Other thing is /var/log :

#
# These files change every time the system boots
#
(
  rulename = "System boot changes",
  severity = $(SIG_HI)
)
{
    /var/lock               -> $(SEC_CONFIG) ;
    /var/run                -> $(SEC_CONFIG) ; # daemon PIDs
#   /var/log                -> $(SEC_CONFIG) ;
}

Again too volatile and too many false positives. Should I explicitly monitor some specified parts of it and what. Rest of /var is $(SIG_MED) and $(SEC_INVARIANT), which sounds reasonable for /var/log too.

Slartibartfast
  • 265
  • 1
  • 4
  • 8

3 Answers3

5

You know that tripwire open source is outdated and not supported anymore? Plus, its configuration is a pain and it has no centralized support.

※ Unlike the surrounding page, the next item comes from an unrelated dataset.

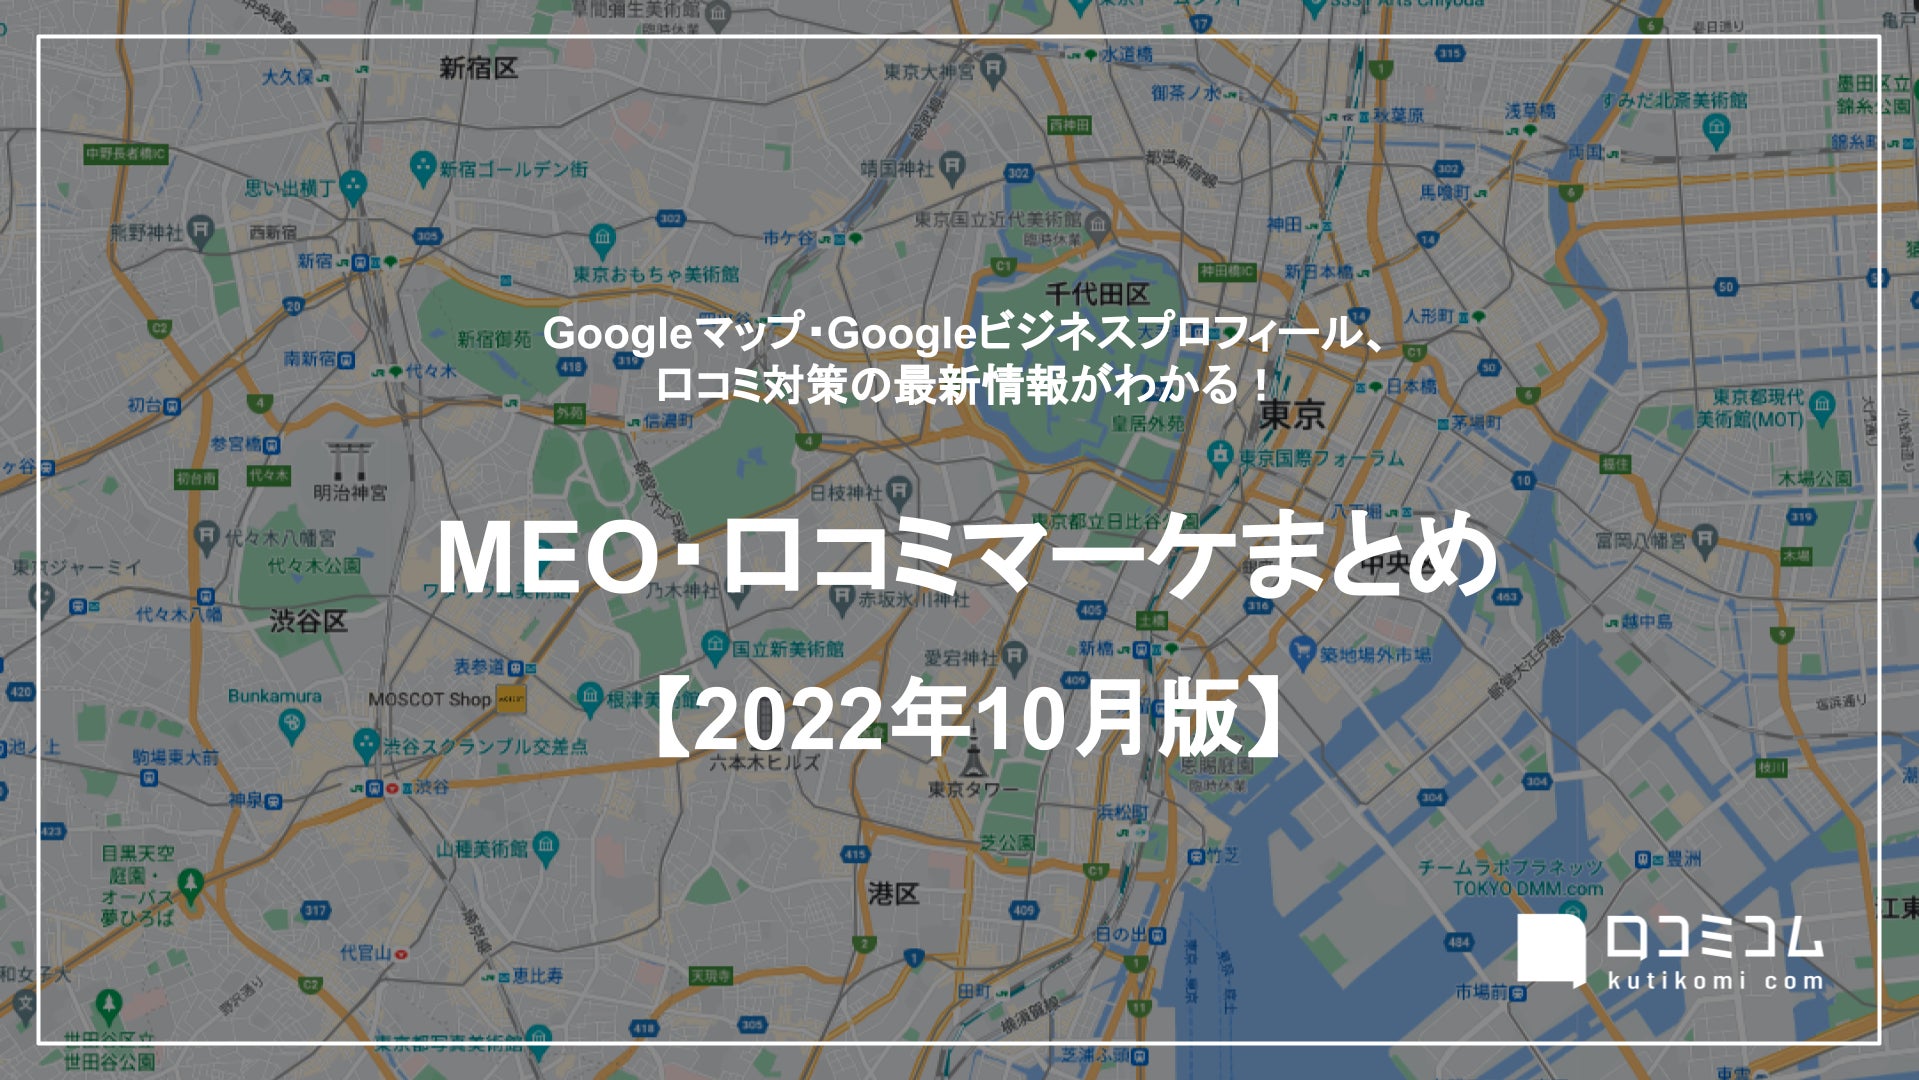 最新の「Googleマップ」更新情報レポート【2022年10月版】を口コミコムが公開

The recommended integrity monitors that are open source, with centralized support and actively maintained are:

-OSSEC - https://ossec.github.io/

-Samhain - http://www.la-samhna.de/samhain/

-Osiris - http://osiris.shmoo.com/

I am specially a fan of OSSEC, which is the simplest,easiest to use... But try them all and see if you like.

kev
  • 261
  • 1
  • 5
  • 13
sucuri
  • 2,817
  • 1
  • 22
  • 22
  • 1
    No, I don't know. As a matter of fact, many security articles on the web + many answers here on SF have suggested tripwire, so this comes as a news for me. – Slartibartfast Jun 03 '09 at 13:54
  • I really don't know why... If you look at the source from 2000 and the last package on sourceforge (2007) it is all the same thing (with copyright changes). I think people keep mentioning tripwire because it was the first one out there, but not being updated, no native windows support, no centralized management should make people move to something else. – sucuri Jun 03 '09 at 14:15
  • 1
    +1 for Ossec ! Really simple and very efficient – Antoine Benkemoun Jun 03 '09 at 16:58
  • Thanks for the suggestions. OSSEC isn't part of Debian repository, so I'll probably go with one of other two, for now. – Slartibartfast Jun 05 '09 at 10:37
5

I think your assumptions are okay.

There is nothing interesting in proc to watch for, and they change every time. /dev is also a good question. I used to have that line, but now with udev I am not so sure.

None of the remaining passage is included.